Stored data:
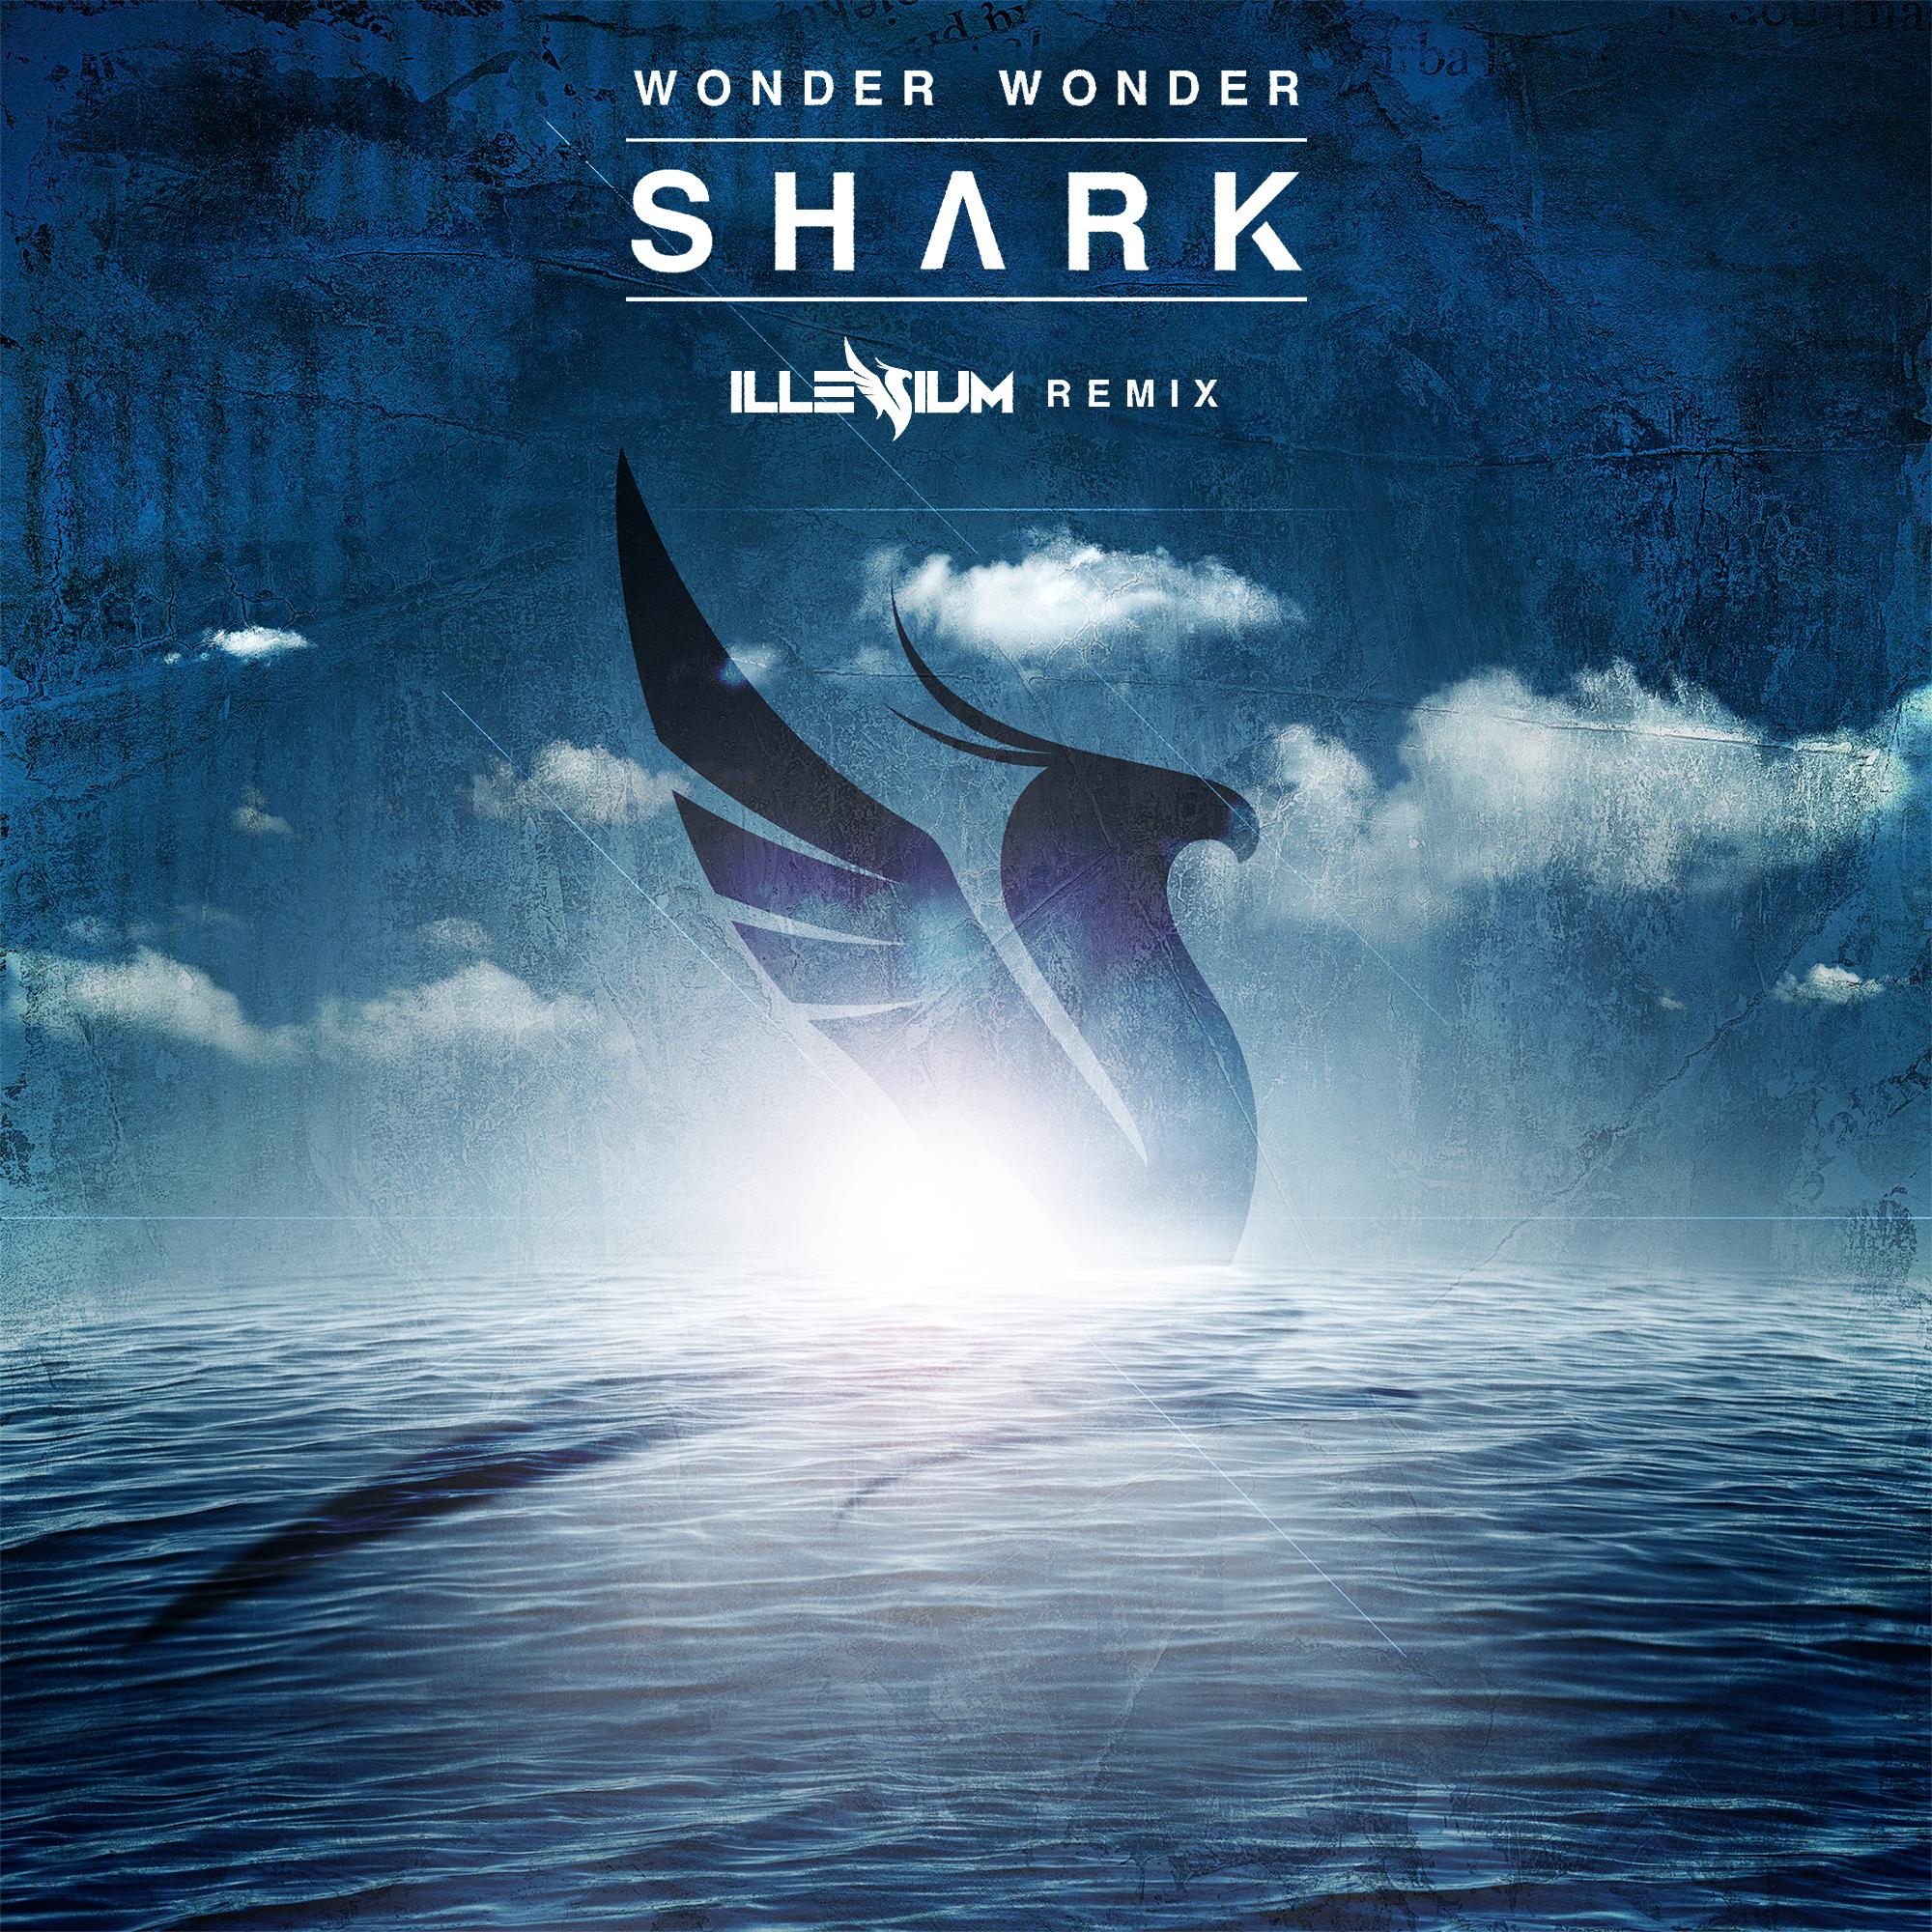 Progressive Near Me >> Wonder Wonder - Shark (Illenium Remix) [FREE DOWNLOAD]
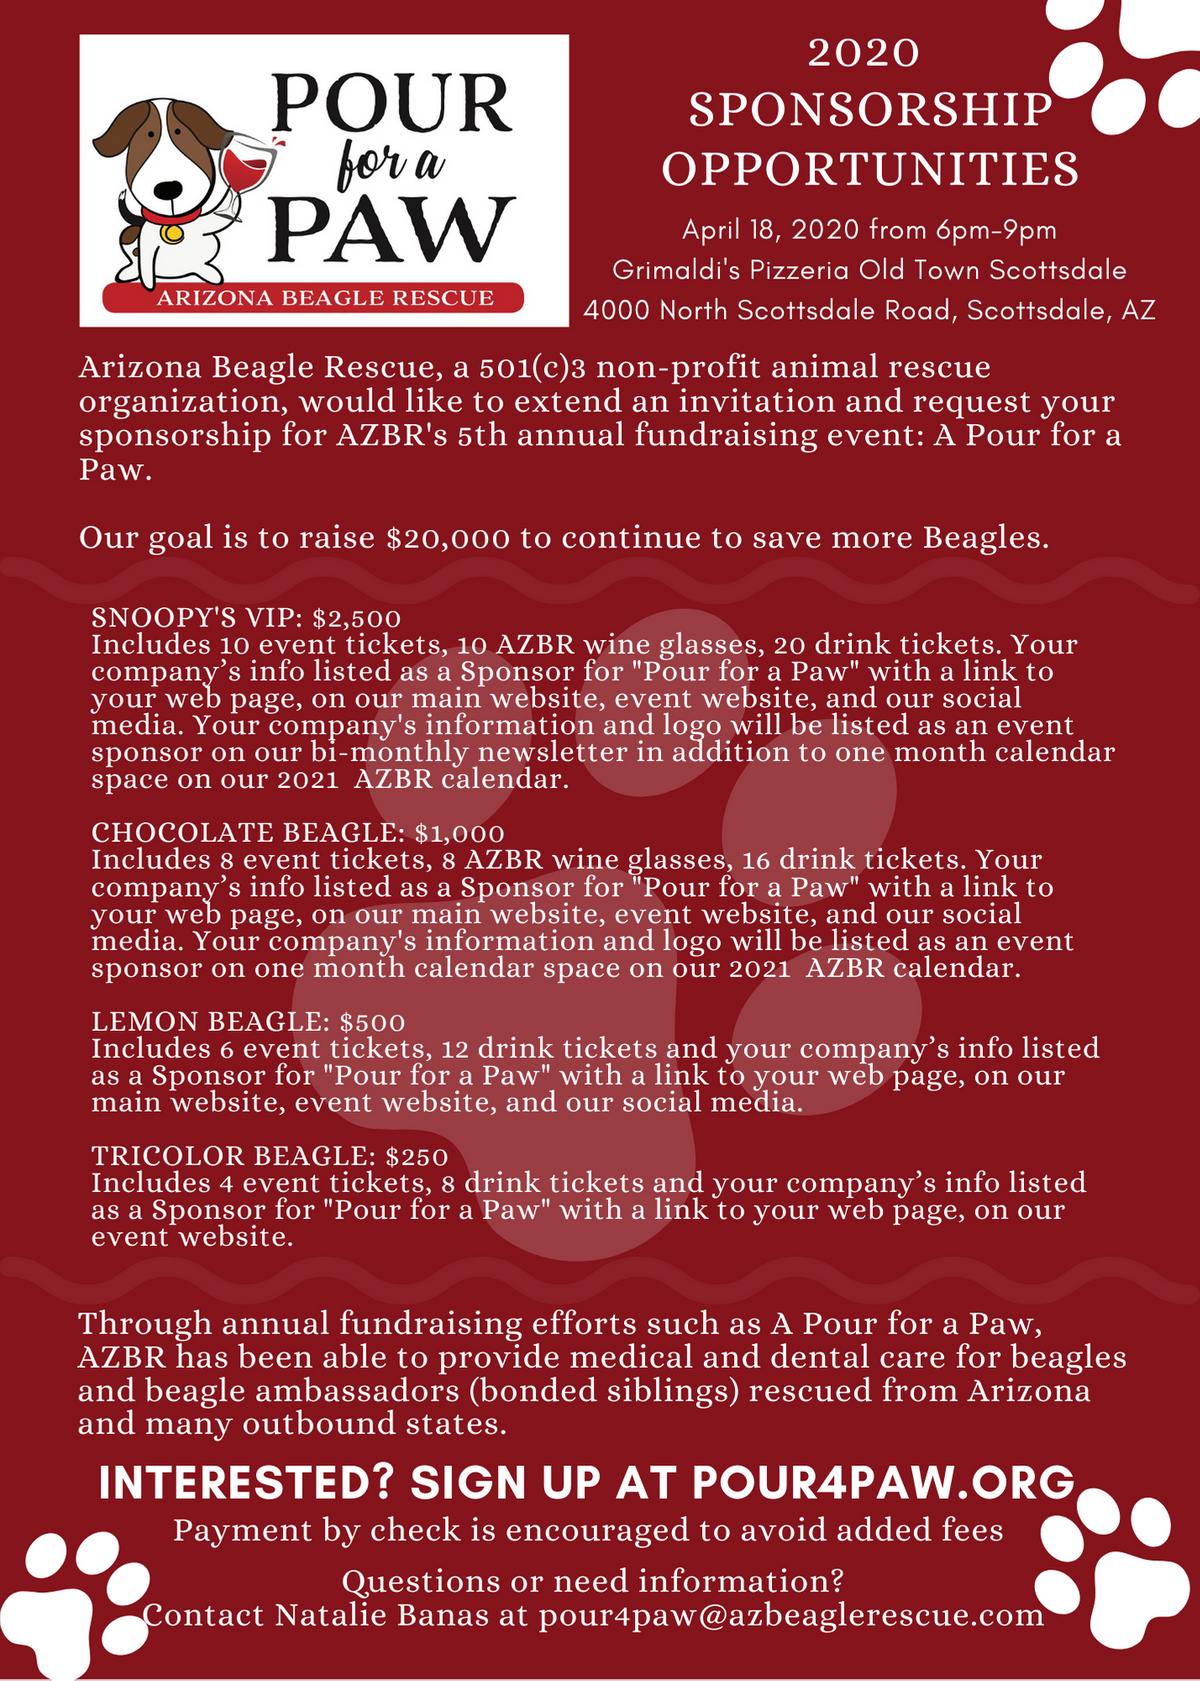 PourForaPaw 2020 Sponsorship Invitation (online image distribution).png
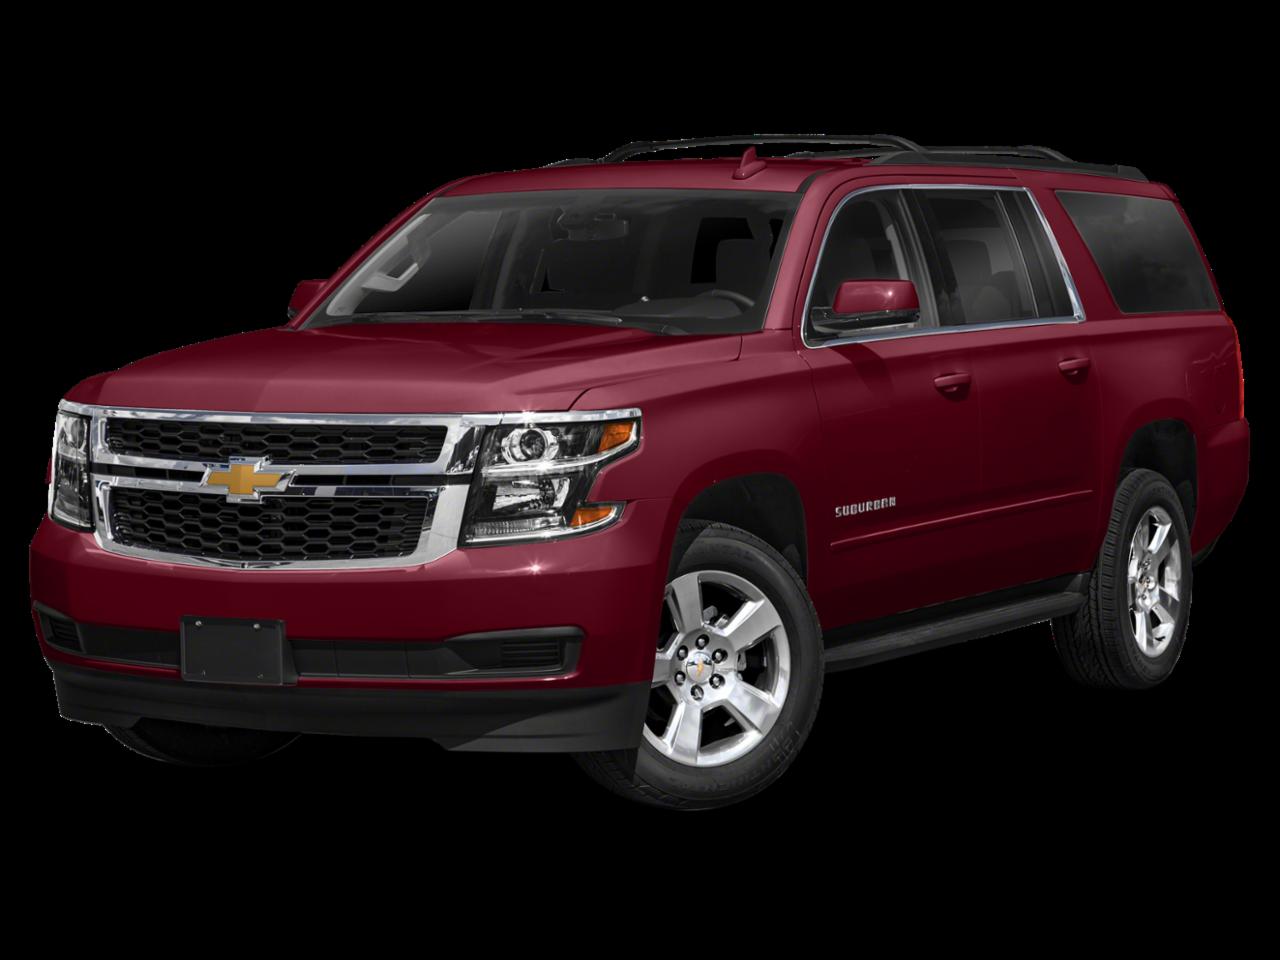 Chevrolet 2019 Suburban LS
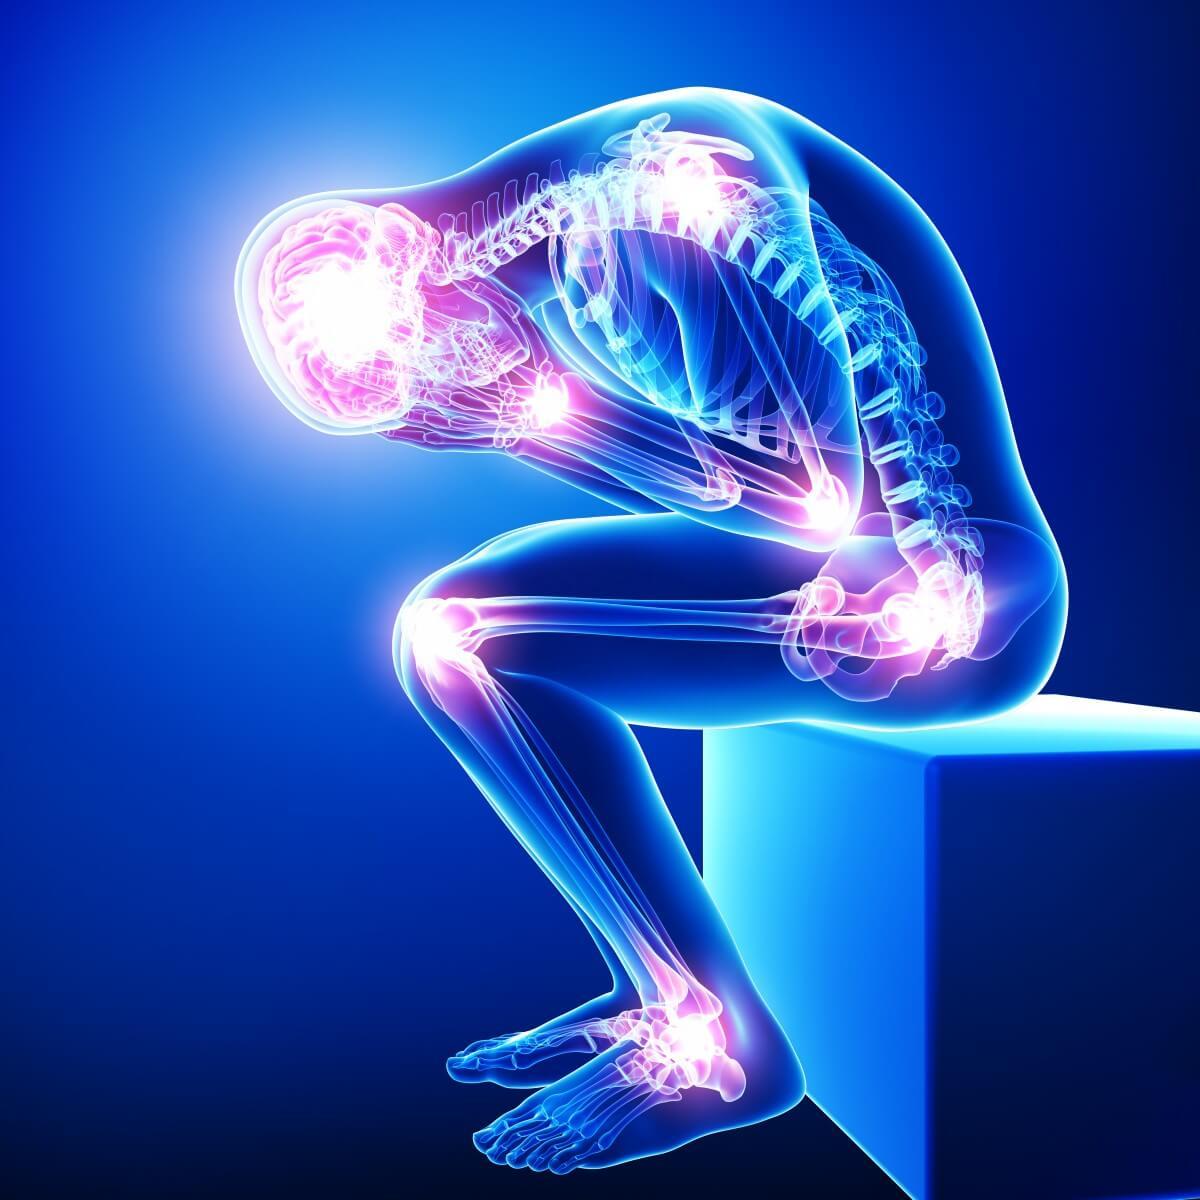 Fibromyalgia: Neurological Pain Disease

Assigned task:
Nothing should be printed except the lines from the one with "Chevrolet 2019 Suburban LS" through the last line of the listing above, both ends included; please drop the pictures.

Answer to the problem:
 Chevrolet 2019 Suburban LS
 Fibromyalgia: Neurological Pain Disease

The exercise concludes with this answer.